What I wonder, did social services do for the family? What support network did they put in place for the mother? Where was the home help she needed? Where was the counselling and medical help for depression? Where was the help?! Social services remind me of the Pharisees who Our Lord rebuked so strongly for putting heavy burdens on the poor and who 'don't even lift a finger to help them'. I expect, having heard so many stories from mothers who have had all their children taken into care due to 'neglect' that social services did nothing to support the mother who in all likelihood could not cope. What they probably did do was barge into the home and swipe the children away only to spend money that they could have spent in family support on paying a foster carer or a care home instead. Add onto that the amount of money the State will have spent in actually prosecuting this desperate and now publicly maligned human being and you have a serious amount of cash that they could have spent in trying to keep the family together. Did they bother? No, they did not.

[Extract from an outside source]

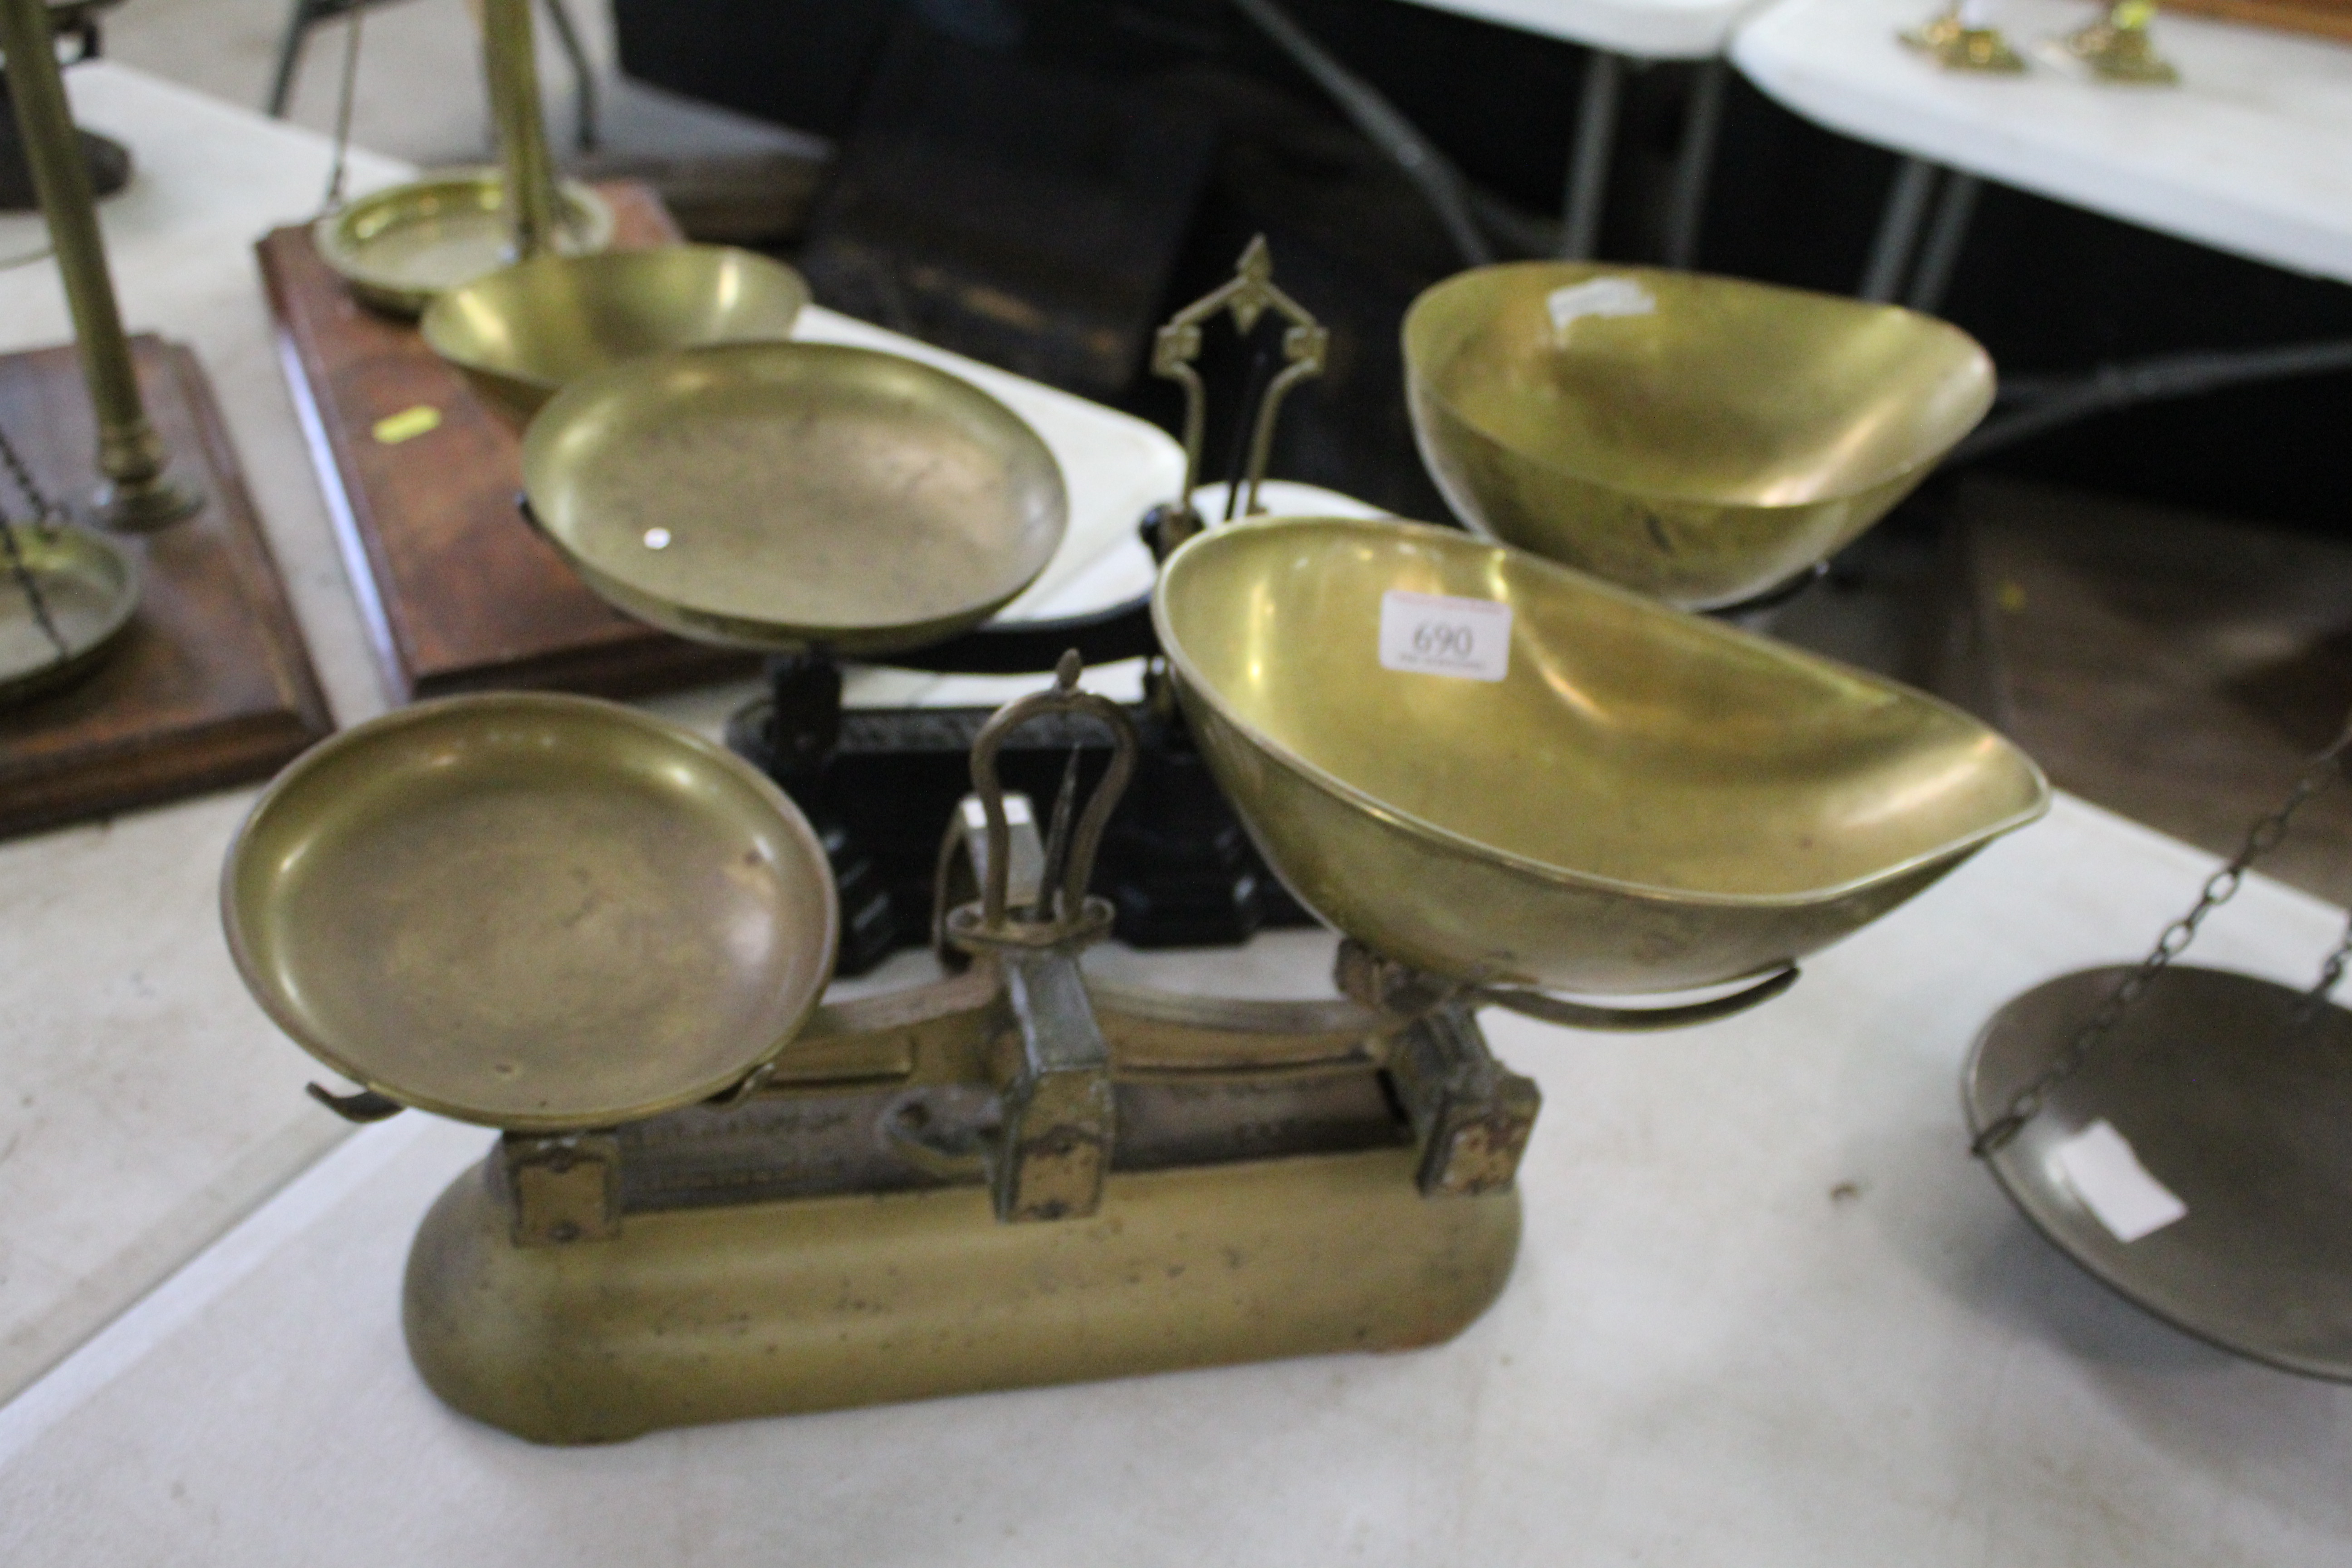 Two sets of W & T Avery domestic scales with brass

Mothers and families are afraid of social services now. Even if mothers and fathers ask for help, it is often when they ask for help that they fall into a system which actively works against them, which instead of helping and assisting them in areas in which they are struggling to care for their children, grinds them down even further, forces them into a corner and then finally takes the children away when certain conditions and criterion have not been met. These social services workers will have judged only by appearances. They are unjust judges who look at the living conditions of the poor, and instead of evoking within them some compassion for the family, and the mother who is finding it hard to cope, only see the protection of the child as a priority and swipe them away, leaving both the children and the mother absolutely devastated and heartbroken.

The Mail also reports on a mother who is now having her 13th child, having had her previous 12 children removed by social services, most probably at birth. Mail readers, of course, are condemning her, as do the social services, for continuing to try to be a parent. Doubtless middle Britain wants 'people like that' sterilised so they cannot have children. Yet, all she wants is to be a mother and fulfill the right to have a family, after so many years of having her children taken away and put into care. Social services do not allow people the grace to be able to change, or improve their parenting abilities. Like the Mail almost always does with the very poor, they blame the poor for their own plight, condemn them and do all the things Our Blessed Lord told us not to do. 

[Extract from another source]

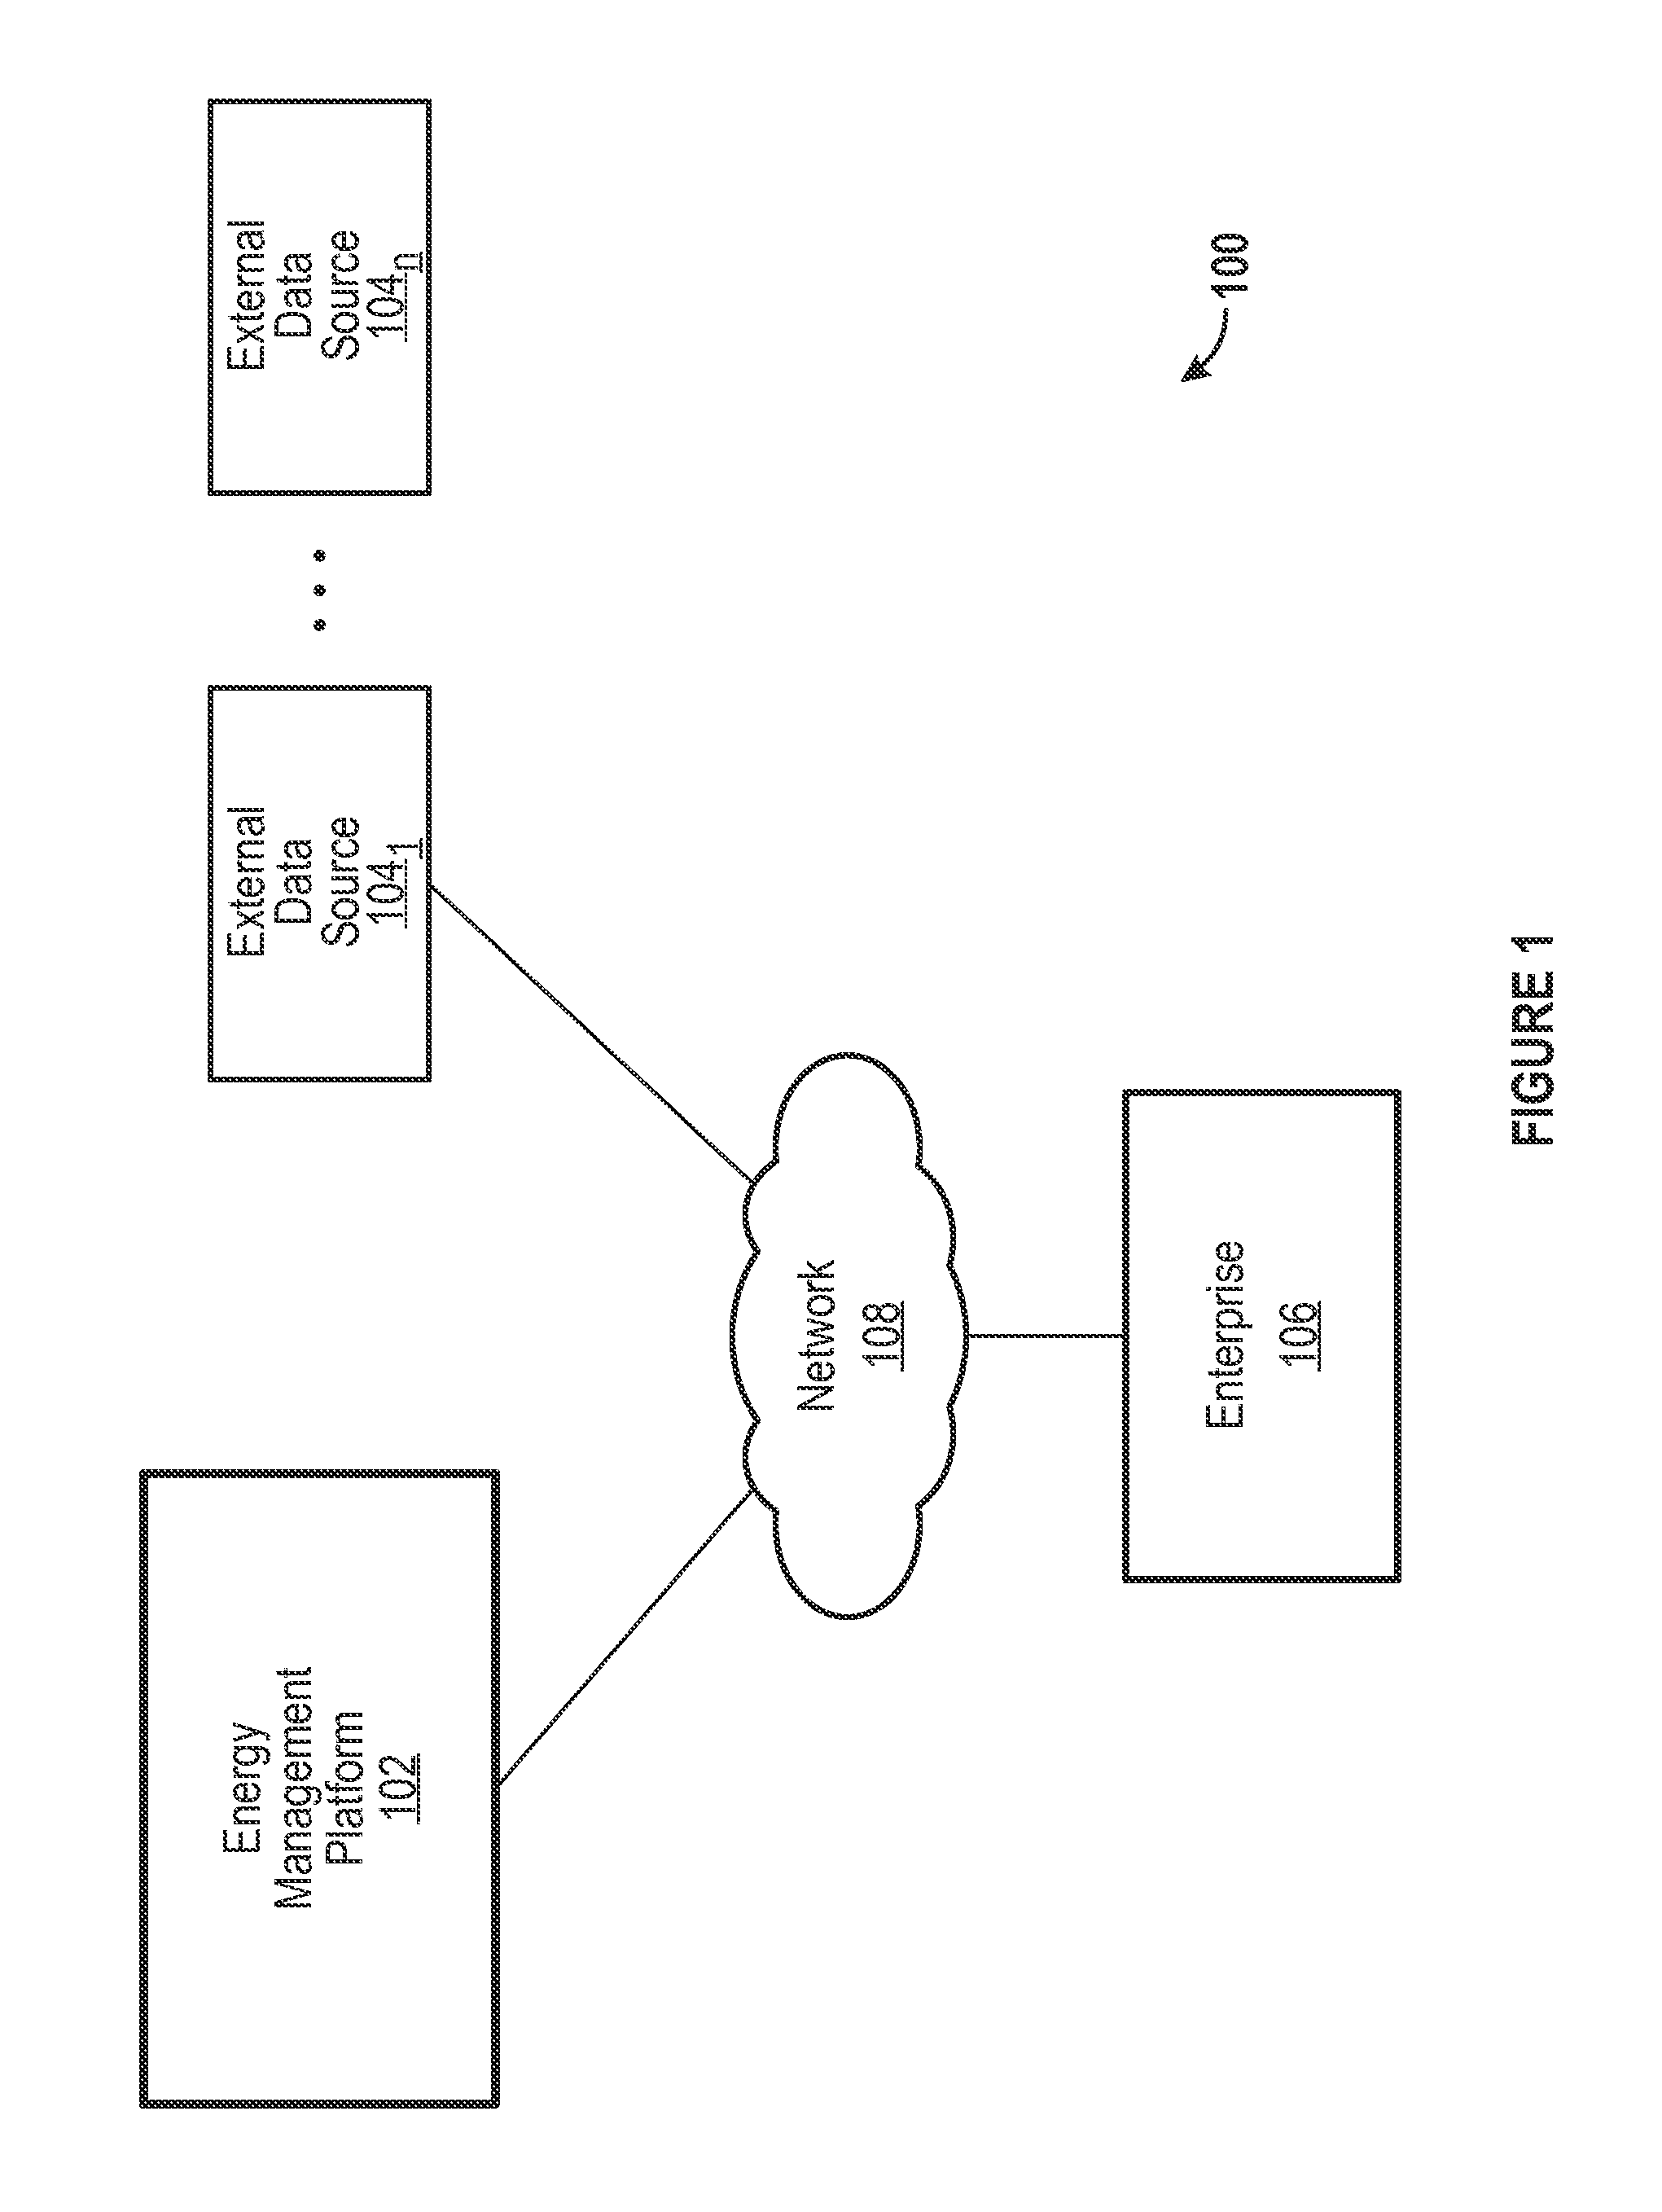 Systems and methods for processing data relating to energy usage

I could bang on about this for a good hour or two and then some. Suffice to say, we have not progressed as a society as long as we continue to blame the poor for their living conditions created by grinding, deep and long-term poverty. At the End of Time, social workers, as well as myself and all will stand trial before the Face of God at the Last Judgment. What, I wonder, will Our Lord say, to those who ripped apart families when they could have given the family support in order to keep them together? Instead, they chose the 'easy' option. Do not the tears of mothers and children ripped apart from each other by a callous mob of judges cry out to Heaven? Do not the tears of the very poor ascend to the Throne of God who has compassion for the poor?

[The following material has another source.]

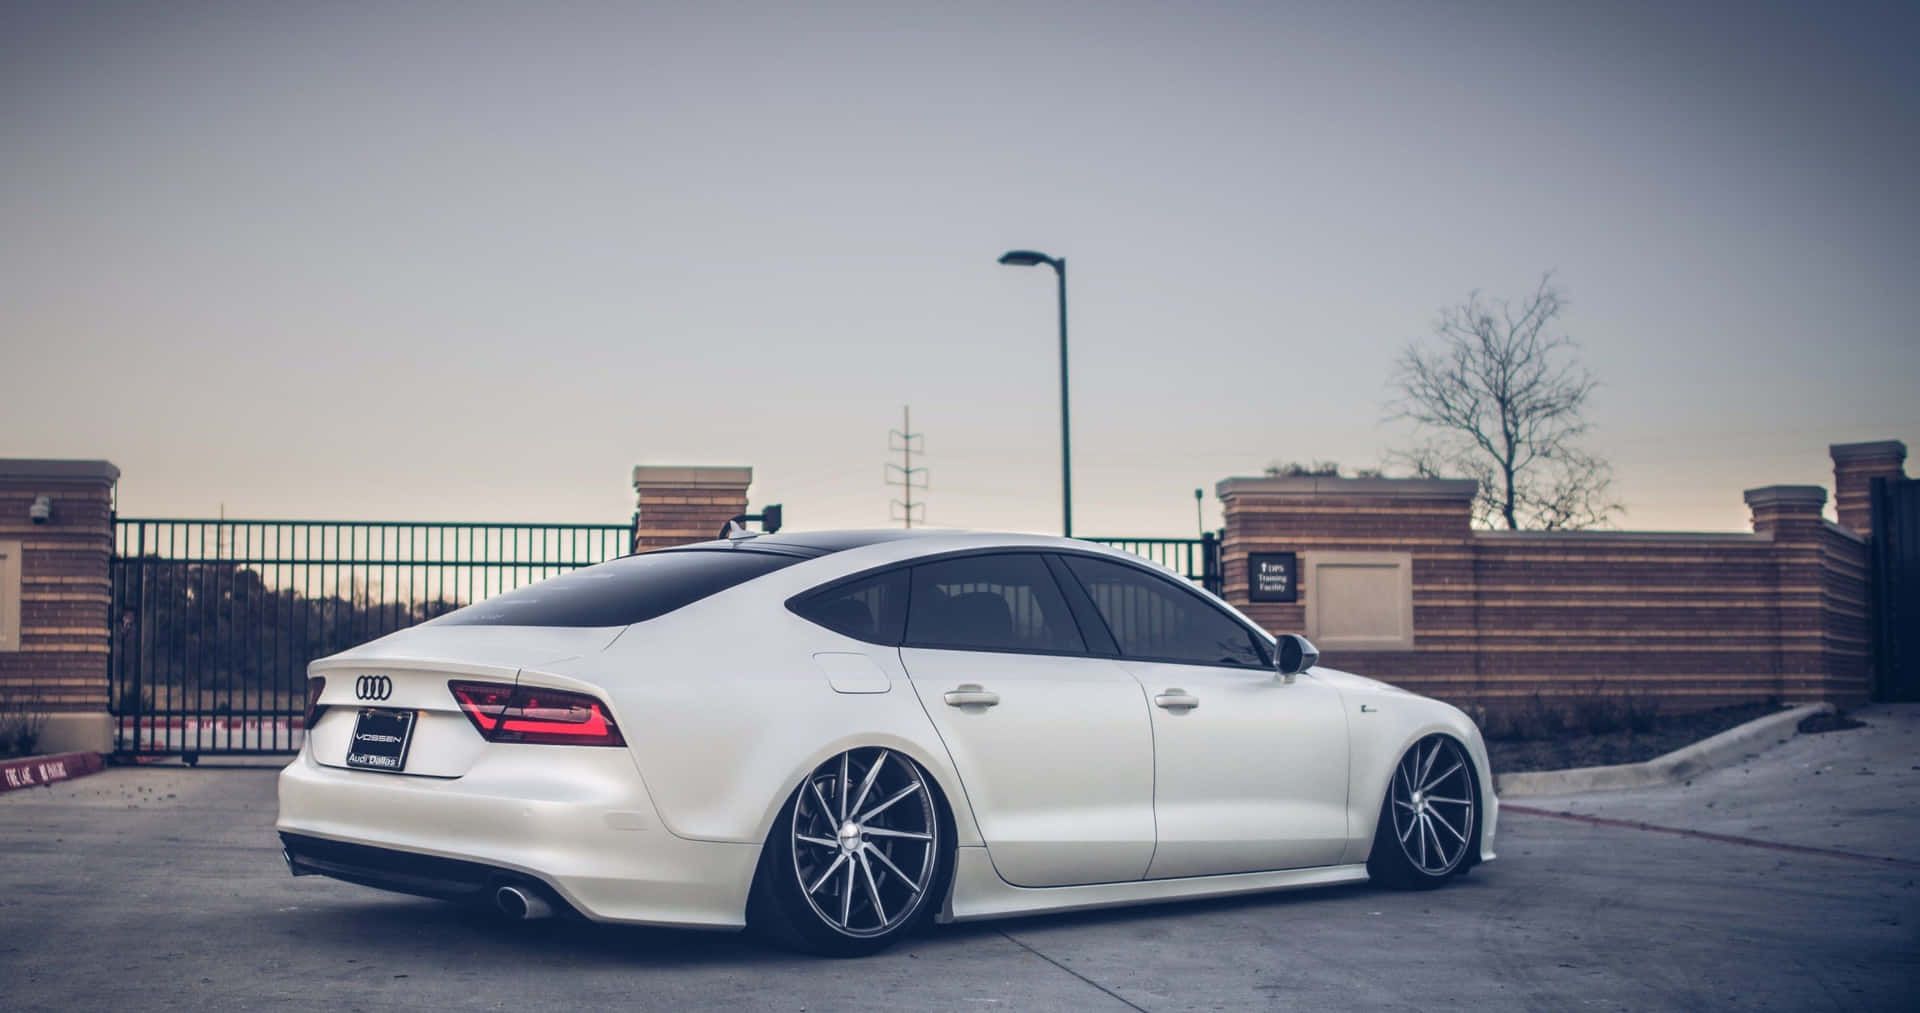 Sleek and Stylish Audi S7 in Motion Wallpaper

The woman concerned cannot be named for legal reasons. I, for one, would be very interested to know what her side of the story is. I fear, however, that I have heard it so many times before. 

1 comment:

Anonymous said...

How wonderful that Laurence has stood up for the plight of the poor. I work for a small charity that tries to help families like these. More of us need to stand up and fight for our fellow men who have had the fight knocked out of them by "the system". May God bless you and all the poor out there who struggle with daily living.